I have been stealing some milk for myself. Sure brought back some memories.

We still have a lot of cows to calve. I am going to let this calf nurse alone for now, keeping in mind I could have a twin or a heifer who rejects a calf. I also have some friends who may need to put a calf on her.

The Jersey had her second calf last June and is still giving 44 pounds of milk per day. The calf is only 14 days old. I did not know if he could handle that much milk. He can. It will be interesting to see how fast he grows if he stays on her by himself.

The last time I had nurse cows we raised 7 calves on two cows. That was when we could buy a beef calf for $75.

The poor cow is having to adjust to the nursing and the udder butting.


----------



## Swv.farmer (Jan 2, 2016)

I always wanted a nurse cow just to have one around.
Their isn't anything no prettier than a big Jersey cow


----------



## Bgriffin856 (Nov 13, 2013)

I have read a few articles where some dairies use older, two or three quarter or high scc cows to raise dairy calves on. Anywhere from 4-6 calves per cow.

Jerseys usually have more motherly instincts compared to other dairy breeds


----------



## stack em up (Mar 7, 2013)

If I would dairy, Jerseys would be my choice.
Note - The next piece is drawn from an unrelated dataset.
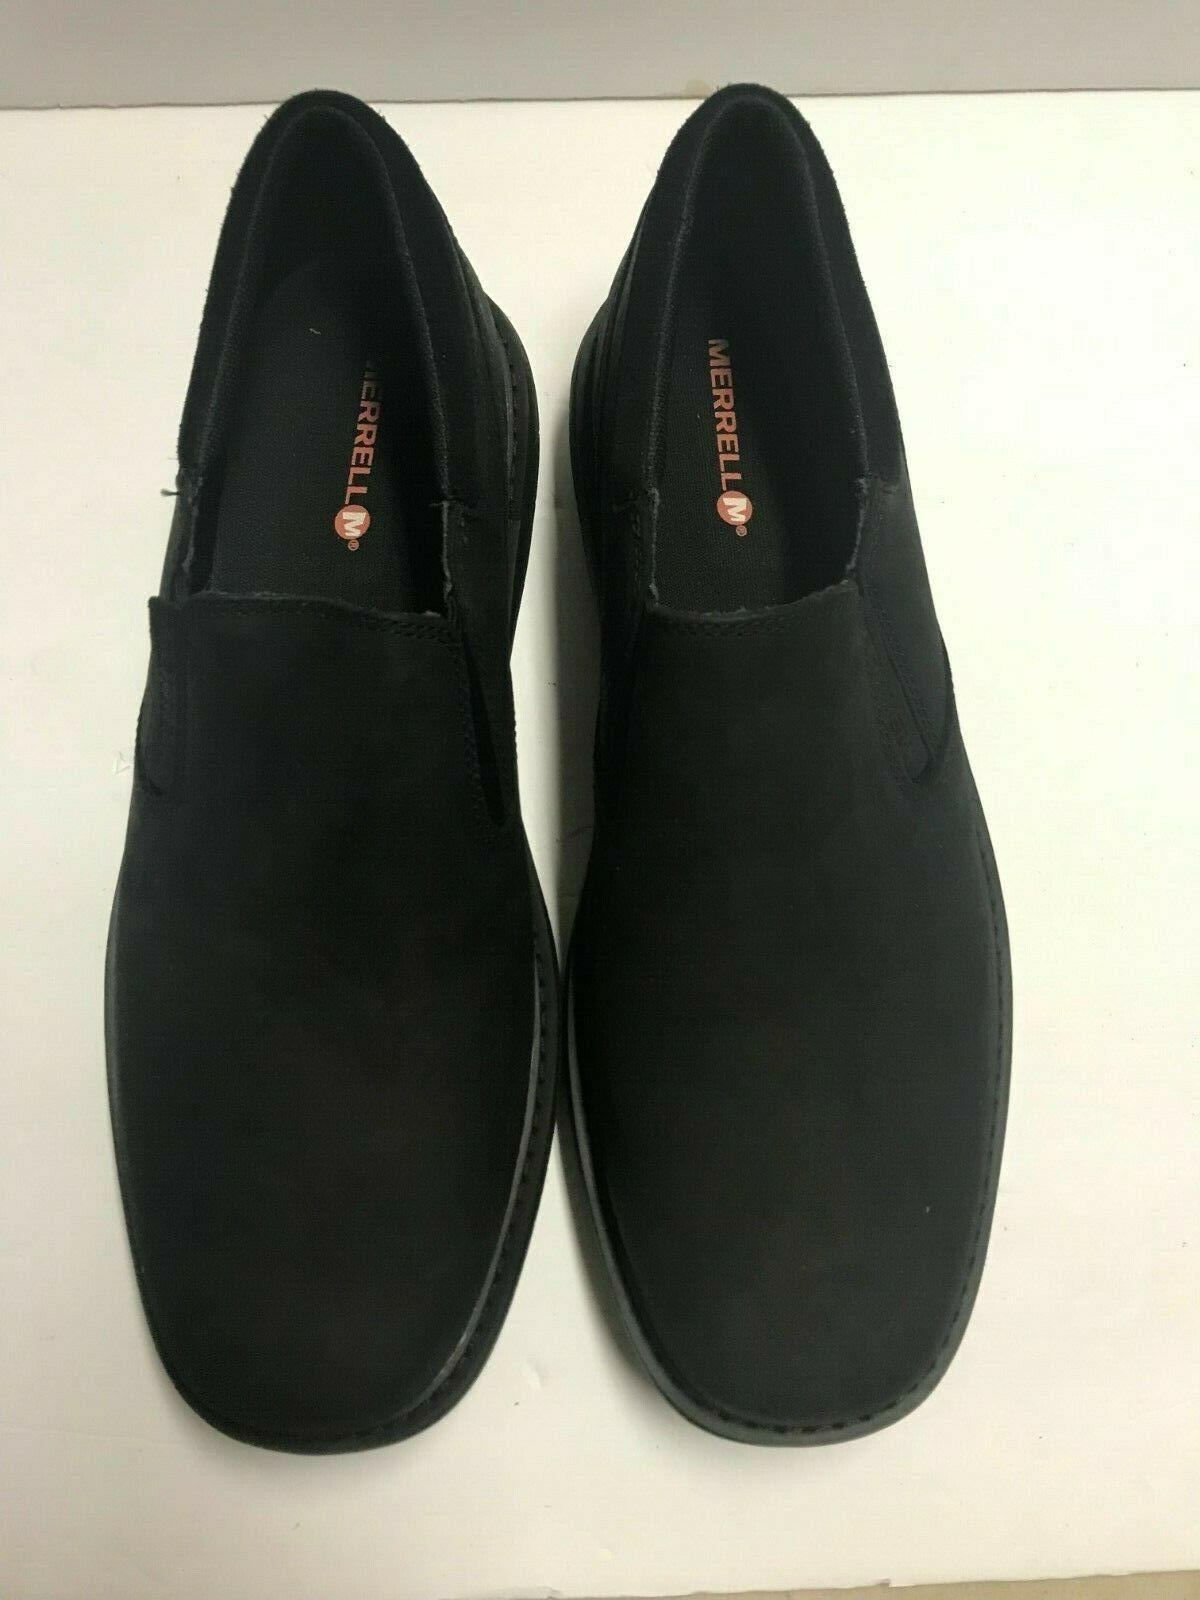 Merrell Men's World Vue Moc Slip-on  Black Size 10 M New

Dad had Holsteins, but they bred the longevity out of them years ago in favor of a high producing bag of bones. Grandpa had Guernseys too, Dad HATED them. Mean old cusses that would just as soon kick you as look at you.


----------



## urednecku (Oct 18, 2010)

If I had a milk cow, I'd be big as the barn. *LOVE fresh milk!!* Not so much the store-bought stuff.


----------



## The saint (Oct 4, 2015)

Our first calf Jersey raised 4 calves this year.


----------



## lcjaynes (Jul 25, 2014)

Our Jersey raised four calves a year and kept two families in milk, besides teaching 8 and 10 year old boys to milk. She was gold.


----------